2017, 2018 ve 2019’da dış borç yıllık anapara ve faiz ödemeleri toplamı sırasıyla 11.2, 11.1 ve 10.7 milyar dolar iken; yapılan borçlanmalar, sırasıyla 9.7, 8.6 ve 20.5 milyar dolar oldu.
2020’de öngörülen dış borç ödemesi 10.6 milyar dolar iken, 7 ayda yapılan döviz ve altın borçlanması 20.1 milyar doları buldu.
Ankara’da bir döviz vakumu, önüne gelen tüm dövizleri yutuyor. İşte bu yüzden, Merkez Bankası ve kamu bankalarının dövizlerini eriten, özel bankaların da dövizlerini mecburî karşılık artışı ile eksilten Ankara, iç borçlanma yolu ile de öbür kurumsal yatırımcı ve yurttaşların dövizlerini yutuyor.
Vatandaşa “Türk lirası tutun” diyen, öteki ülkelere “TL ile ticaret yapalım” diyen Ankara, döviz ve altın borçlanması yaparak içeride dolarizasyonu teşvik ediyor.
Hiçbir siyaset çerçevesi olmayan, bu türlü bir fütursuzca savurganlık periyodu hiçbir iktidar devrinde görülmedi. Şu hali ile bile büyük bir döviz rezervi enkazı yaratıldı; bu başlı başına bir ekonomik güvenlik sorunu da tıpkı vakitte.

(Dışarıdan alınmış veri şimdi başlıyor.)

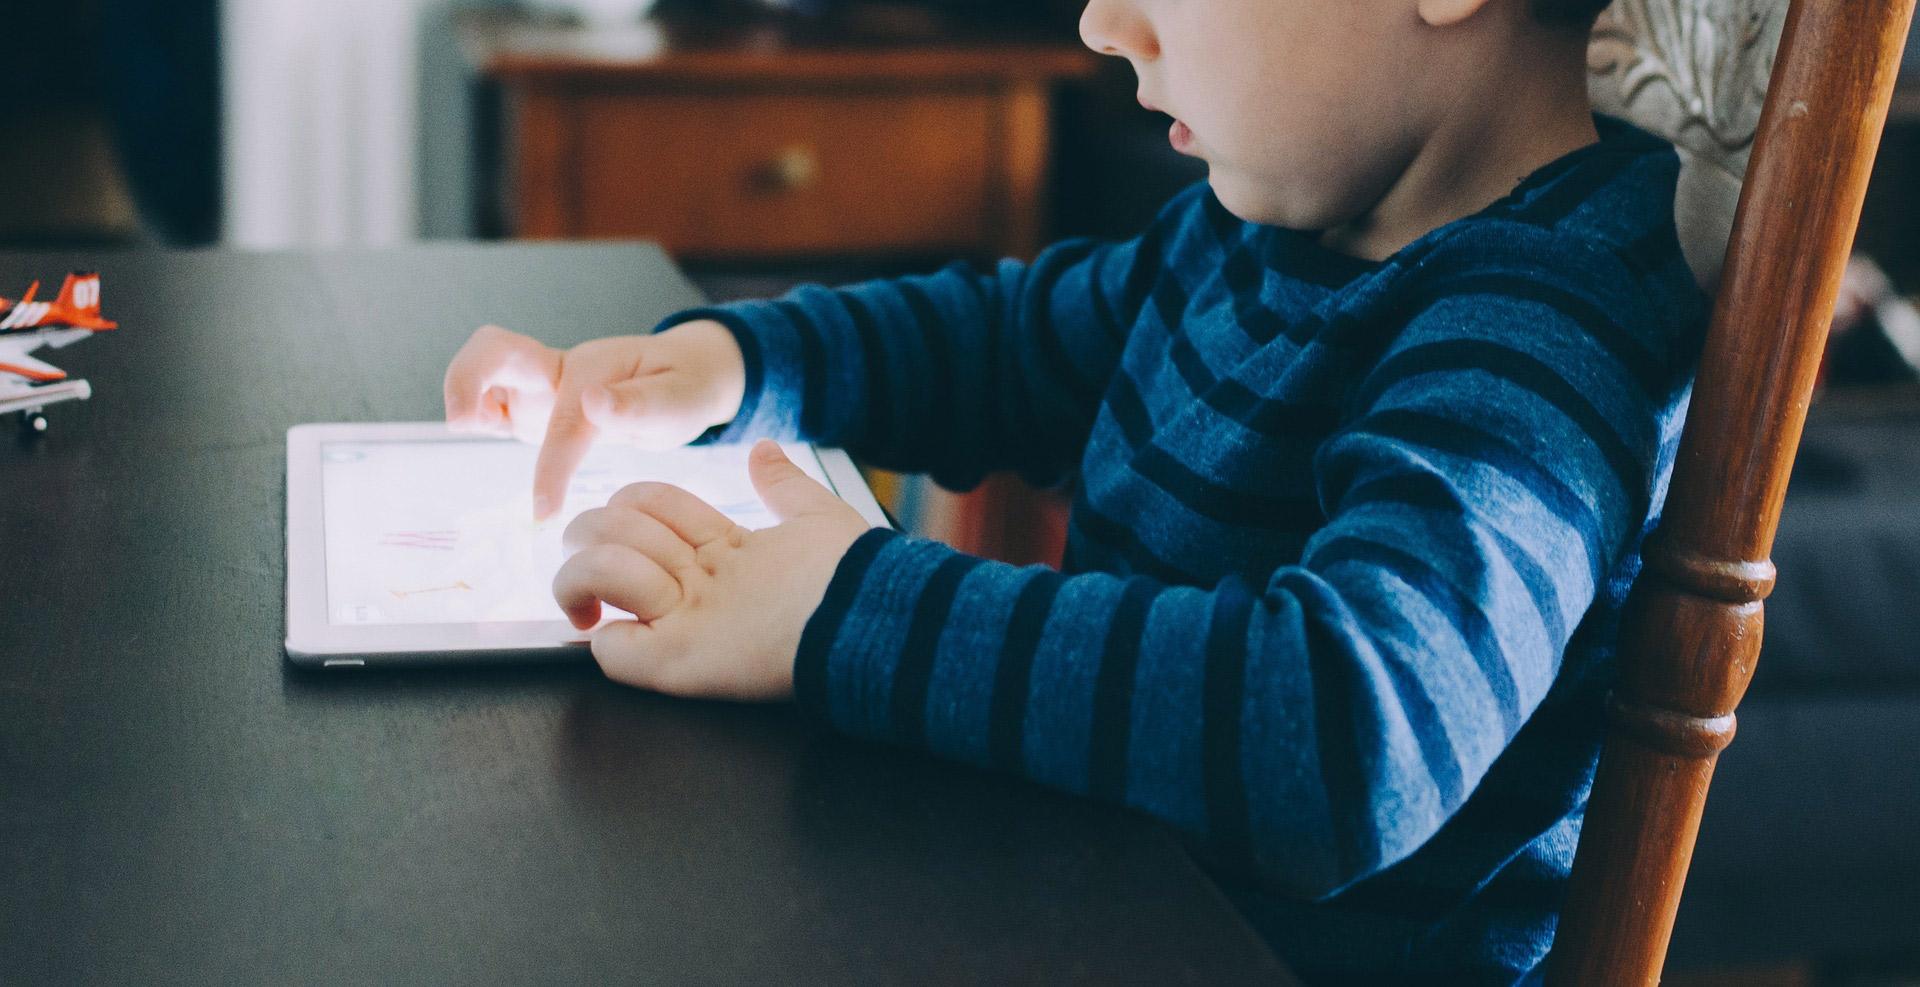 Sobreexposición a pantallas, adictos a la tecnología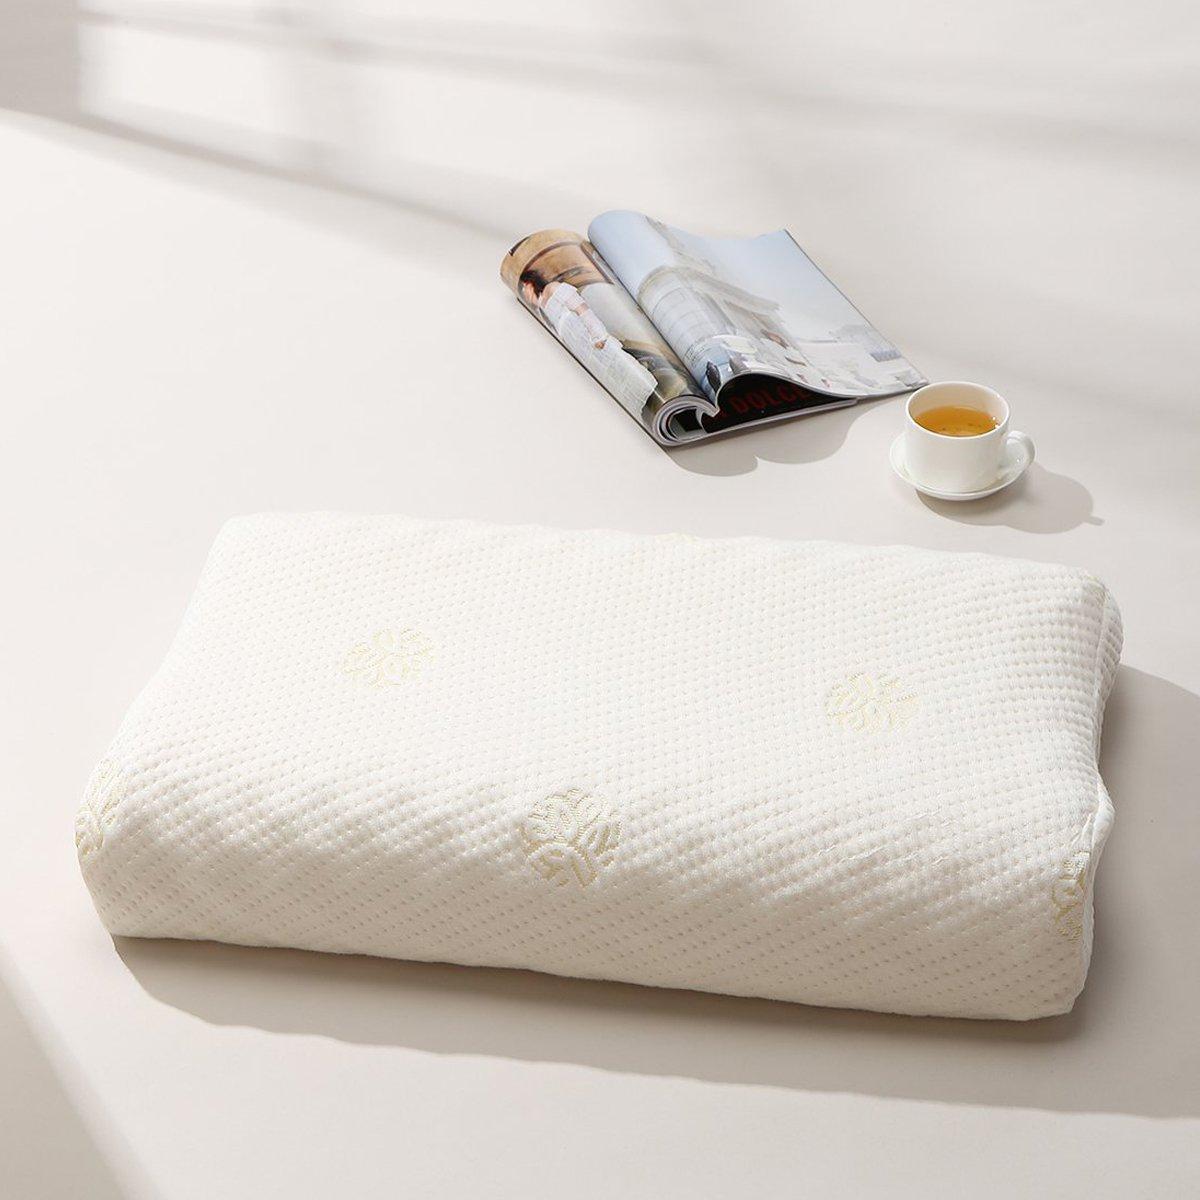 泰国乳胶枕_tatex泰国进口天然乳胶按摩枕枕头乳胶枕8856153582888_唯品会

PEKALA BU ‘DÜNYANIN SONU’ MU? HAYIR.
50 milyar dolarlık açık bir döviz durumundan kaynaklanacak kur ziyanı potansiyel bir kamu zararıdır. Bu ziyan kamuya fatura çıkarmadan kapatılabilir mi? Ziyan kapatılamazsa da bu siyasi gidişat uzun mühlet devam etmezse boyutu küçültülebilir.
Türkiye’de siyasetin olağanlaşması, demokratikleşme ve hukukun üstünlüğünün tesis edileceğinin birinci işaretlerinin güçlü biçimde ortaya çıkması bile “suyu çekilen” dövizlerin tekrar sisteme dönmesini getirecektir. Inanç artışı ile bir taraftan yerleşiklerin dövizden uzaklaşması ve sisteme sokması, öbür taraftan da yerleşik olmayanların döviz getirmesi ve Türk Lirası talebi ile süratli toparlanma mümkündür.
Siyasi kriz çözülmeden ekonomik krizin çözülmesi mümkün değildir.
Bunun için Türkiye’deki her “siyasi mahallenin” kendi “mahalle” özelliklerini koruyarak ortak bir onarım ve olağanlaşma uğraşında bir ortaya gelmesinden öbür bir yol da görünmemektedir.